[Supplied material — start]
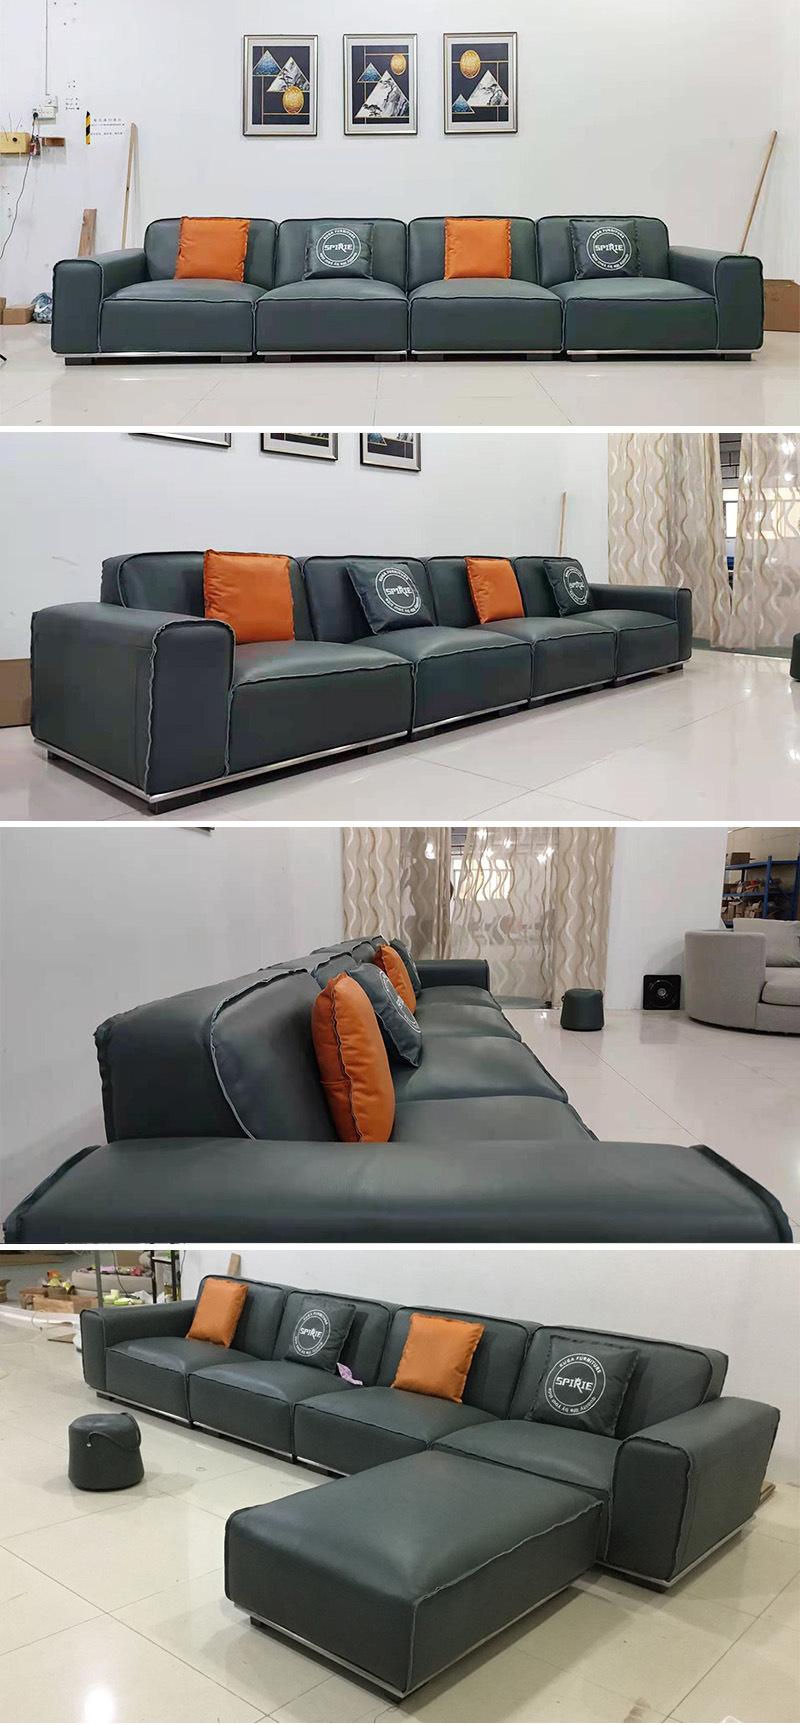 Contemporary Leisure Fabric Sofa Modern Leather Couch Home Furniture for Living Room Set 2827
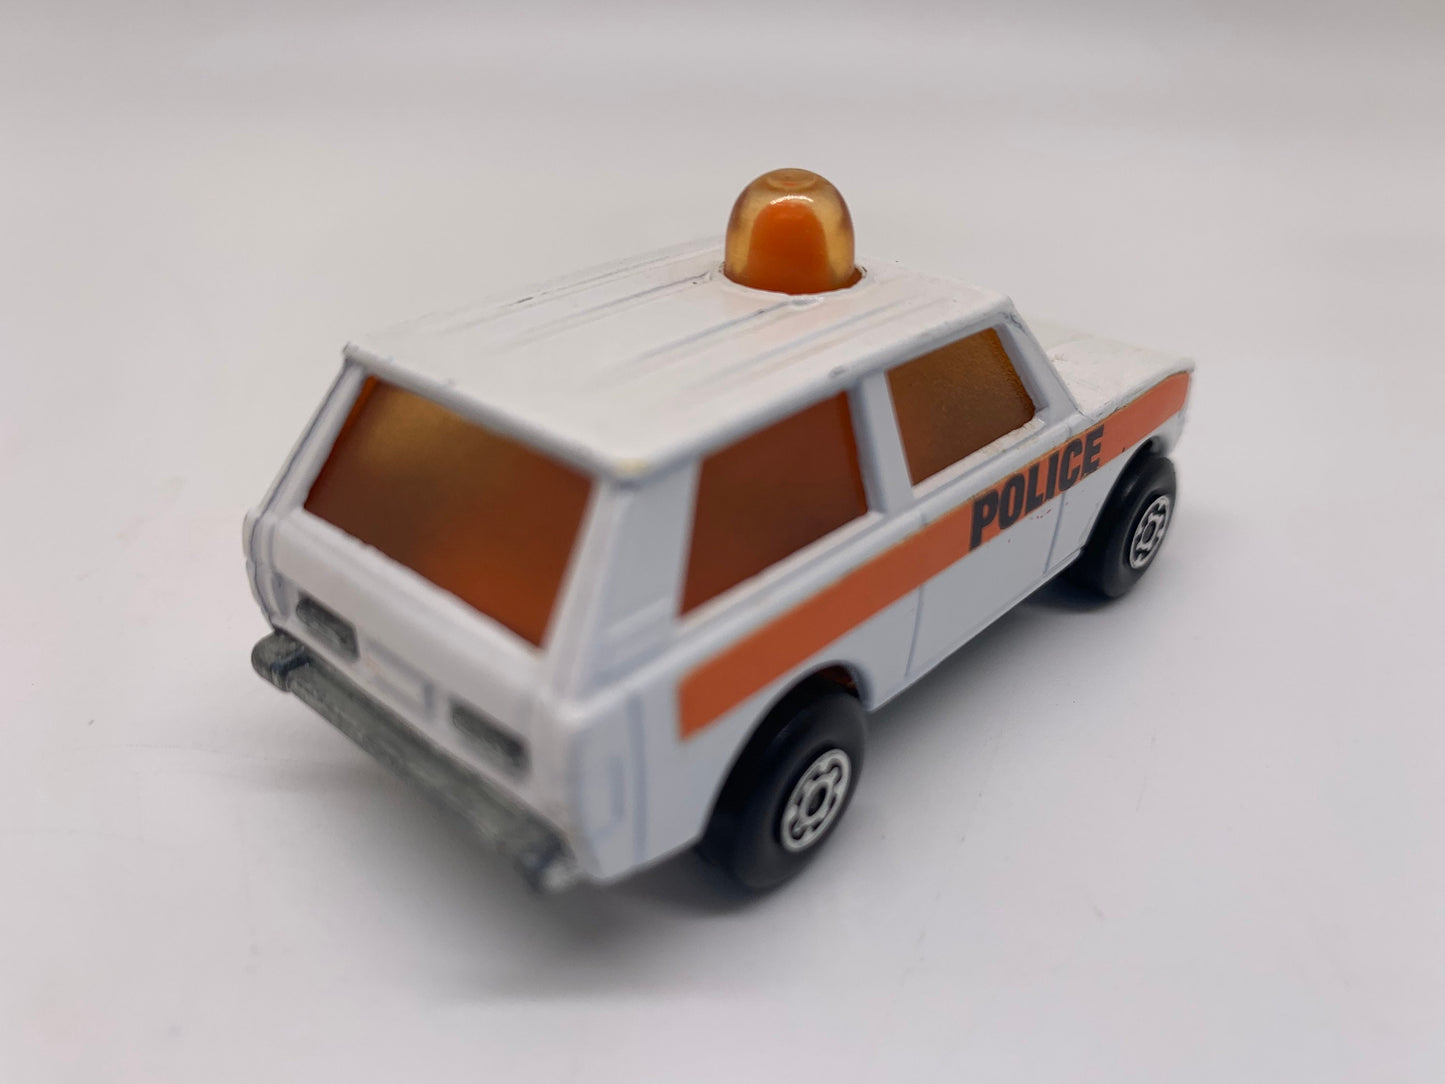 Matchbox Range Rover Police Patrol White Rolamatics Collectable Miniature Scale Model Toy Car Perfect Birthday Gift
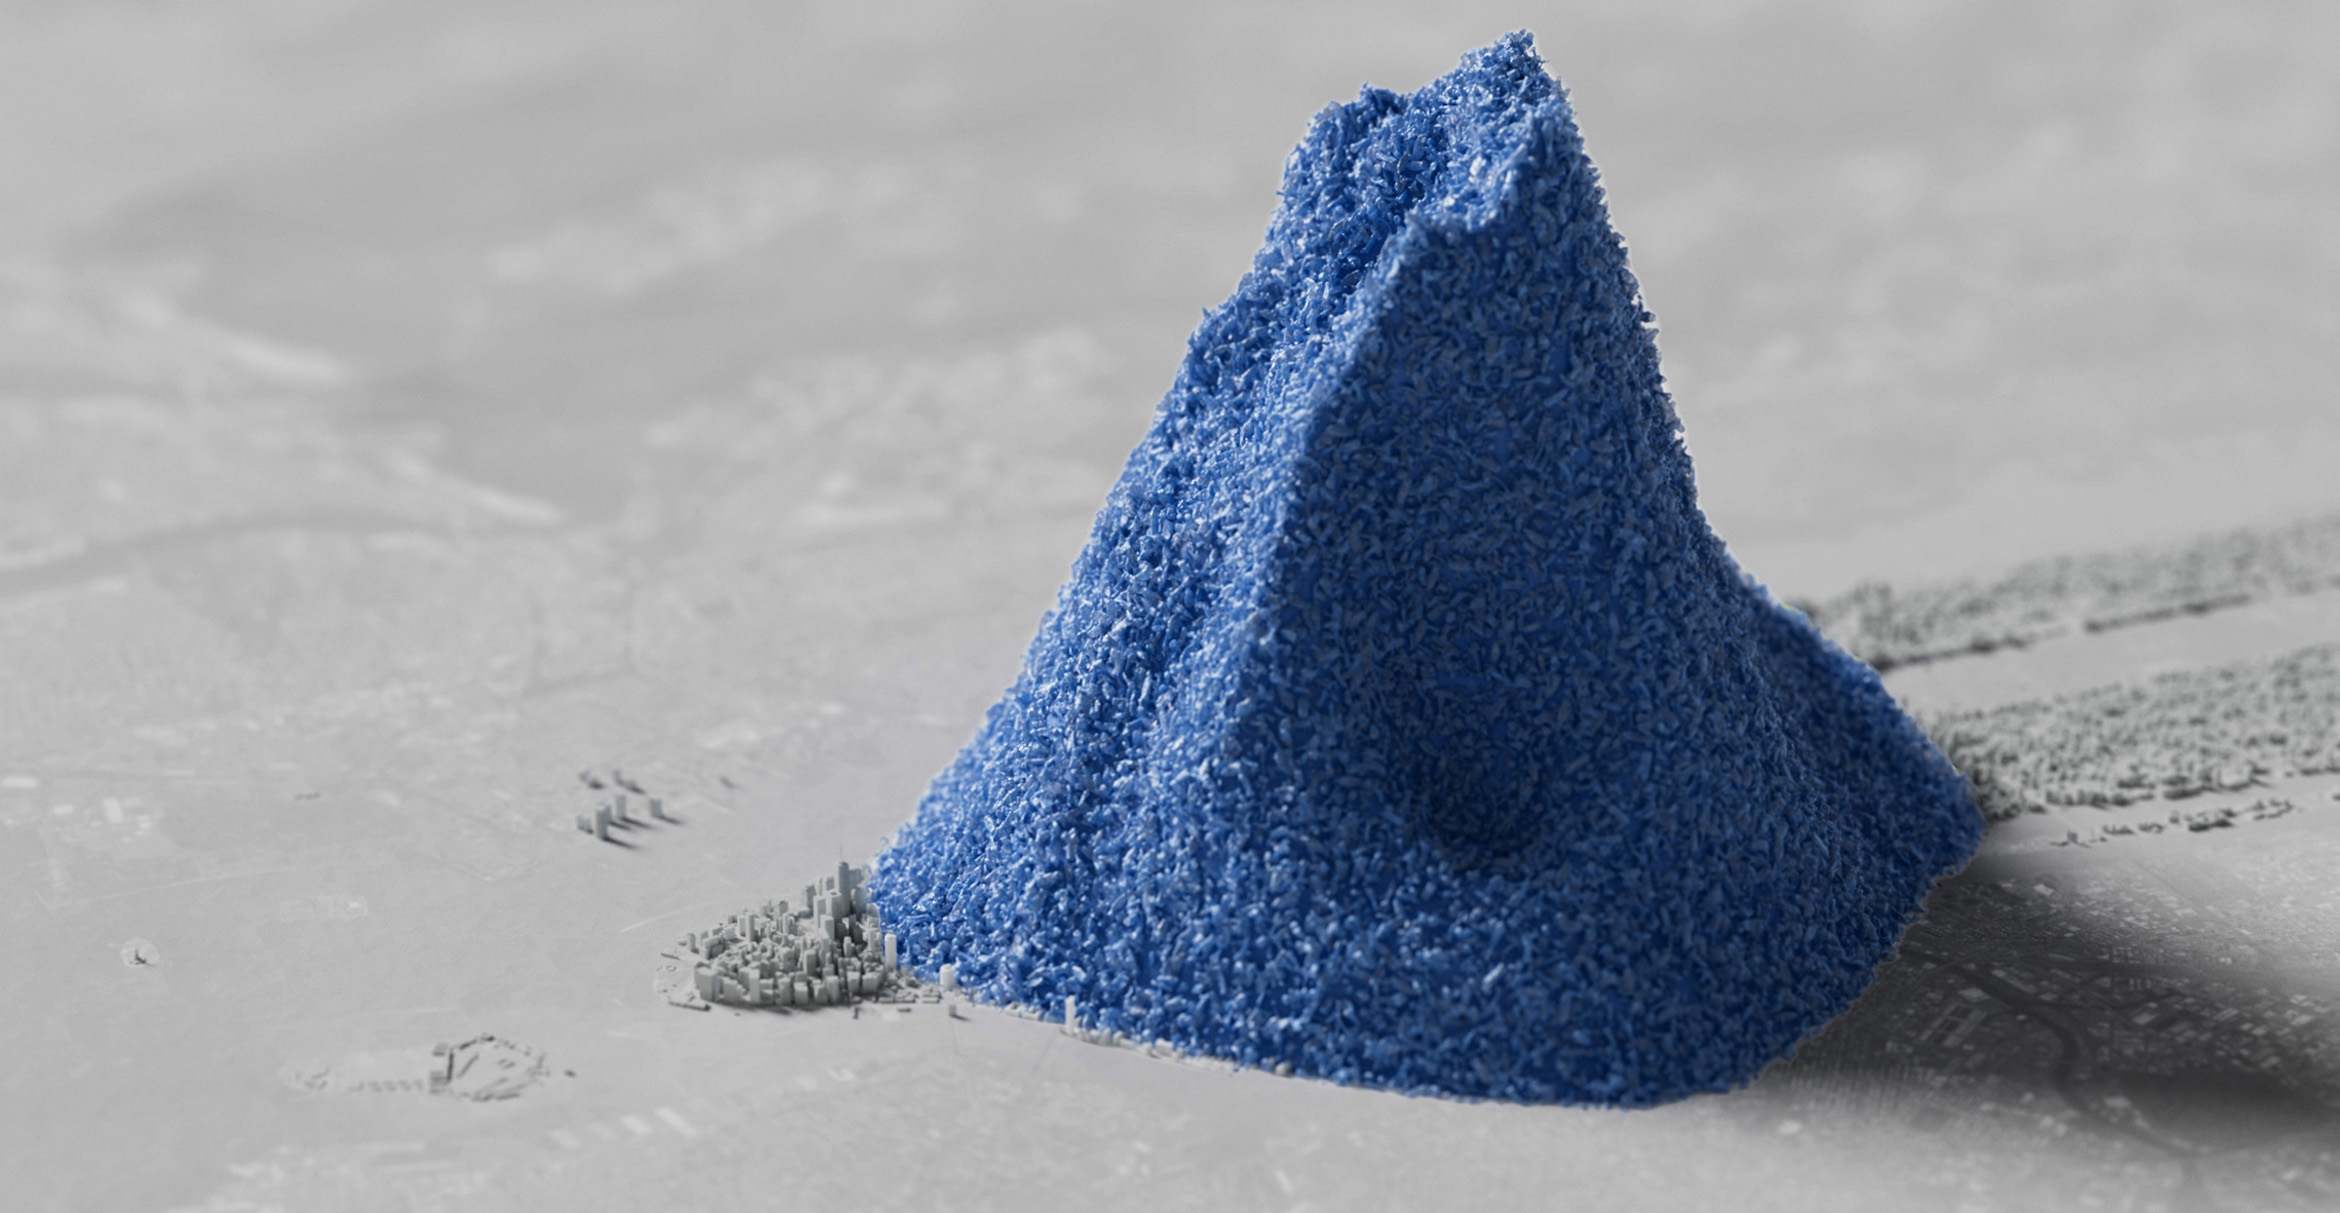 A large pile of small blue plastic objects rises from a relief map of Manhattan
[Supplied material — finish]
* _Exercise aim_
The output is to be the material in full and unaltered, with pictures omitted.

* _Task output_
 Contemporary Leisure Fabric Sofa Modern Leather Couch Home Furniture for Living Room Set 2827
 Matchbox Range Rover Police Patrol White Rolamatics Collectable Miniature Scale Model Toy Car Perfect Birthday Gift
 A large pile of small blue plastic objects rises from a relief map of Manhattan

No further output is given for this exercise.